__PROBLEM__
Taking the entries below, transcribe only the lines starting with the one with "A screenshot of Shopify's backend" and going on through the one with "Cadet 1st Class", exactly as written, without the pictures.
** SOURCE MATERIAL follows **
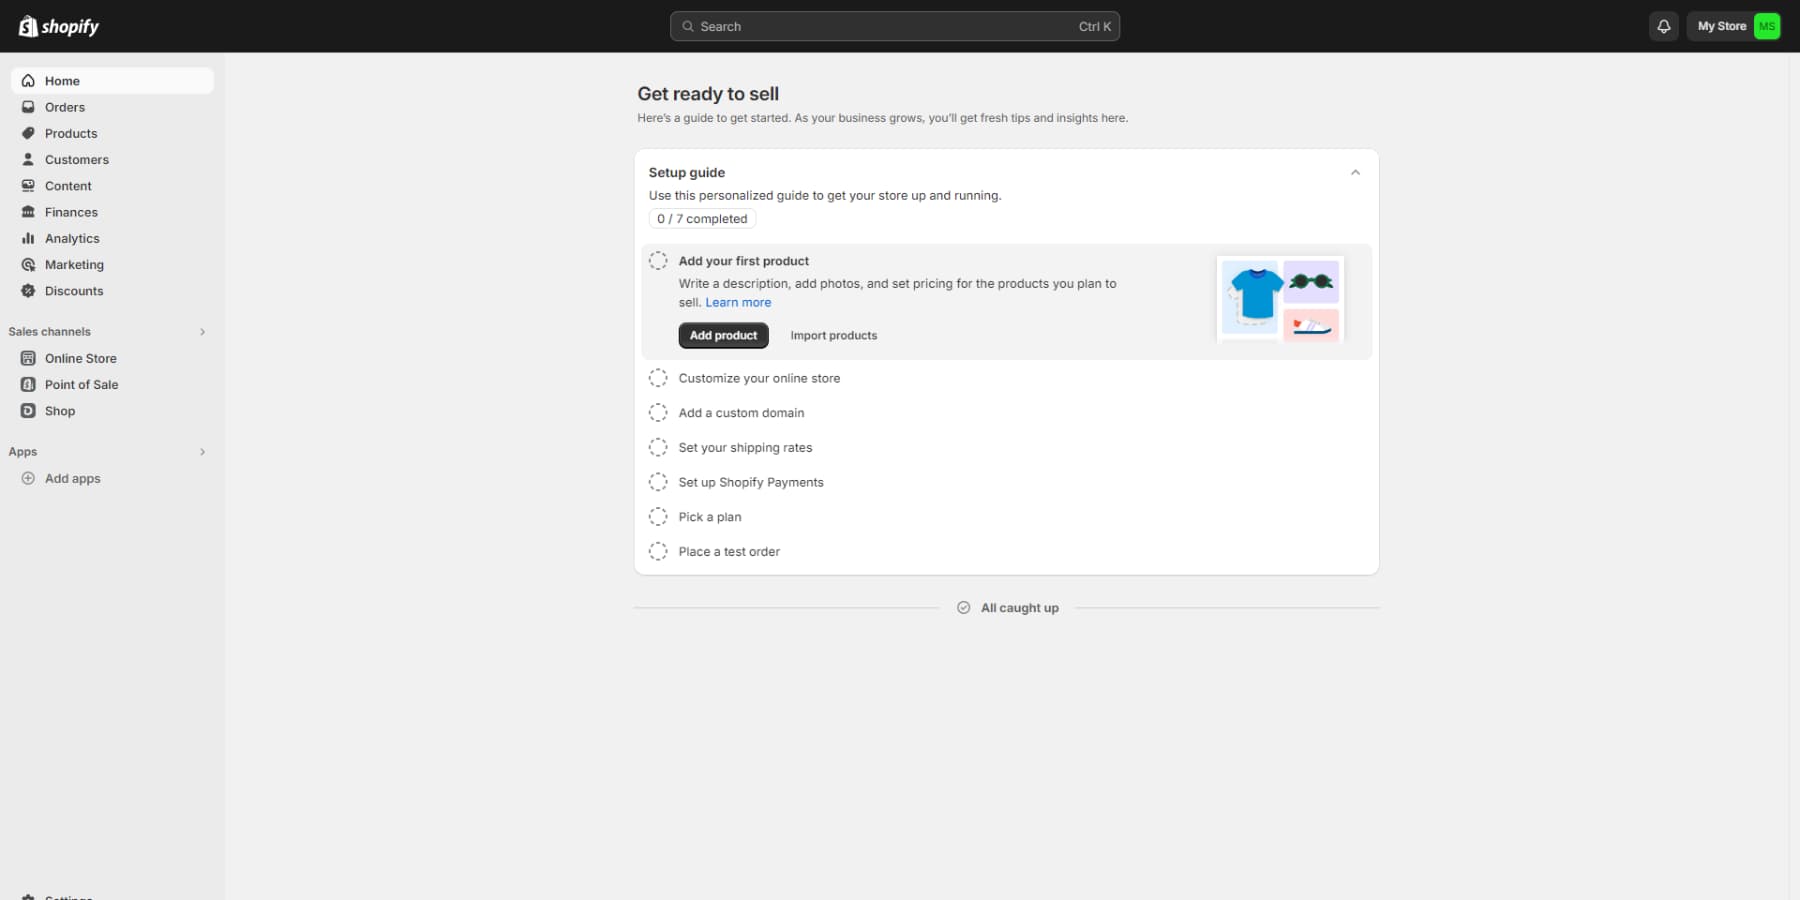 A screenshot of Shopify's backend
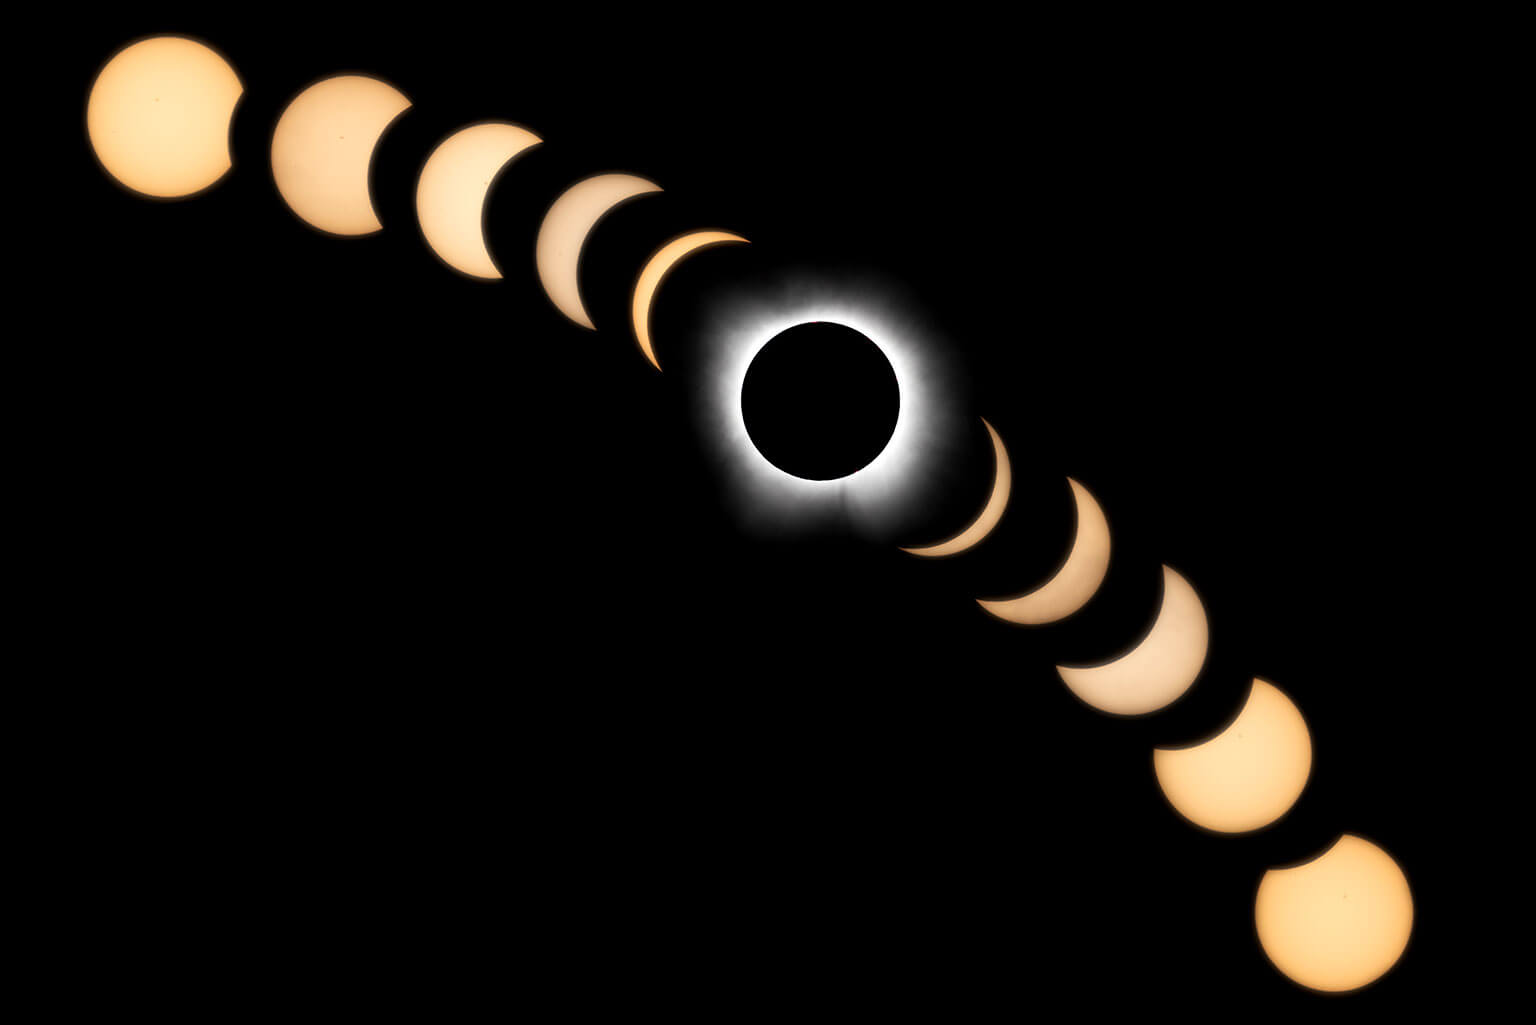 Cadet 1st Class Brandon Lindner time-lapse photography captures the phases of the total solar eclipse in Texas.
** End of SOURCE MATERIAL **
** SOURCE MATERIAL follows **
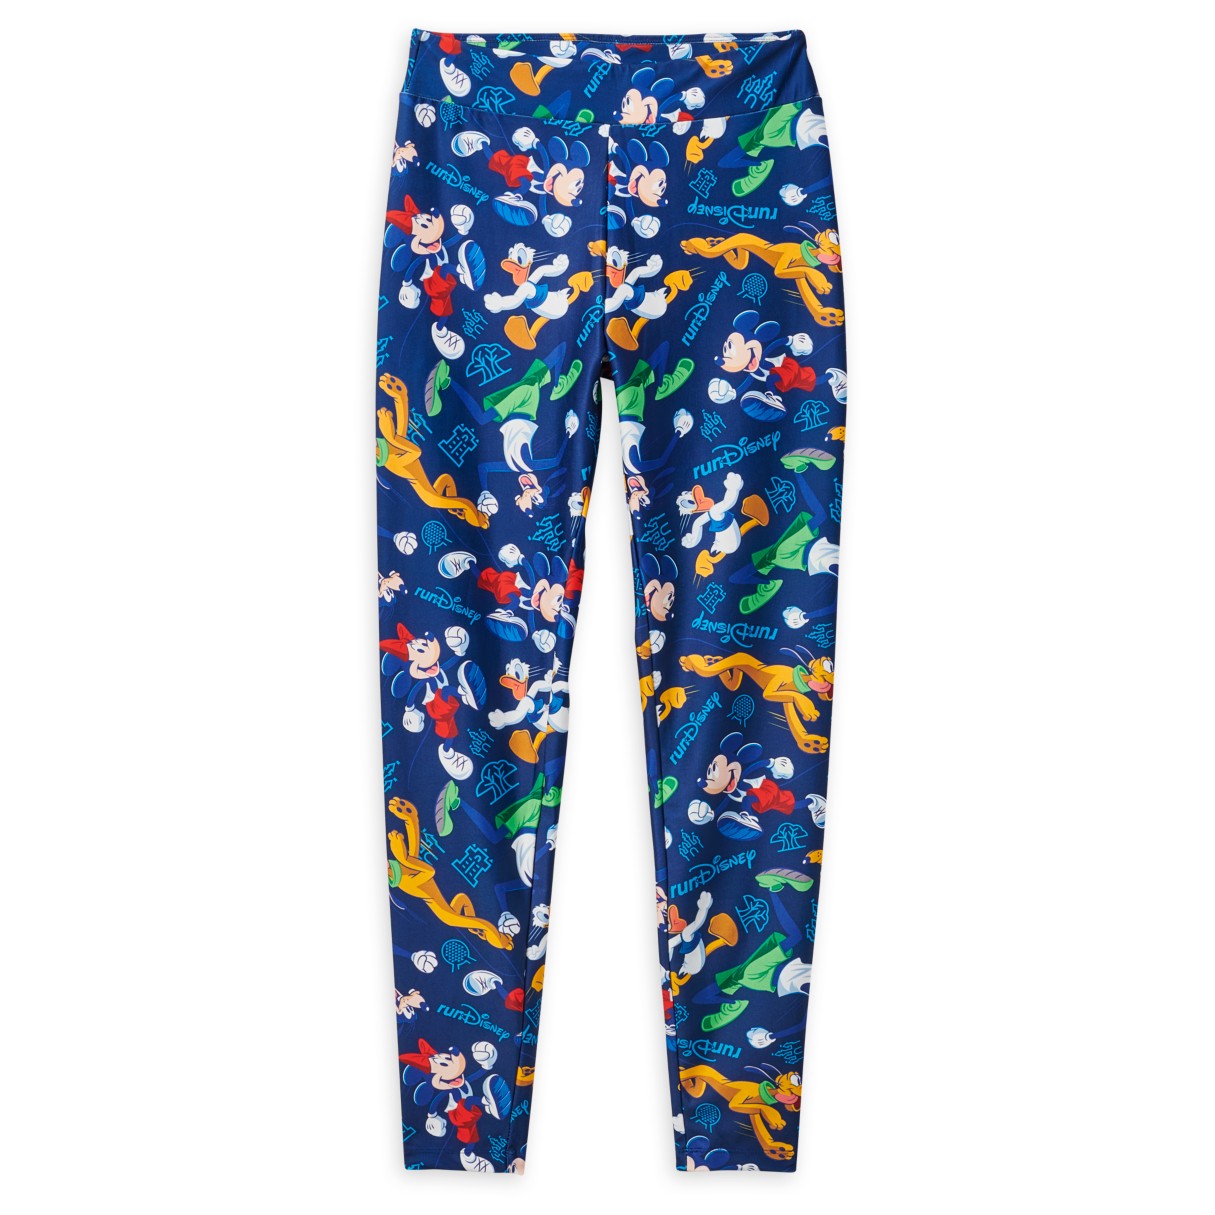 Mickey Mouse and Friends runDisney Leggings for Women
** End of SOURCE MATERIAL **
__RESULT FOR THIS TASK__
 A screenshot of Shopify's backend
 Cadet 1st Class Brandon Lindner time-lapse photography captures the phases of the total solar eclipse in Texas.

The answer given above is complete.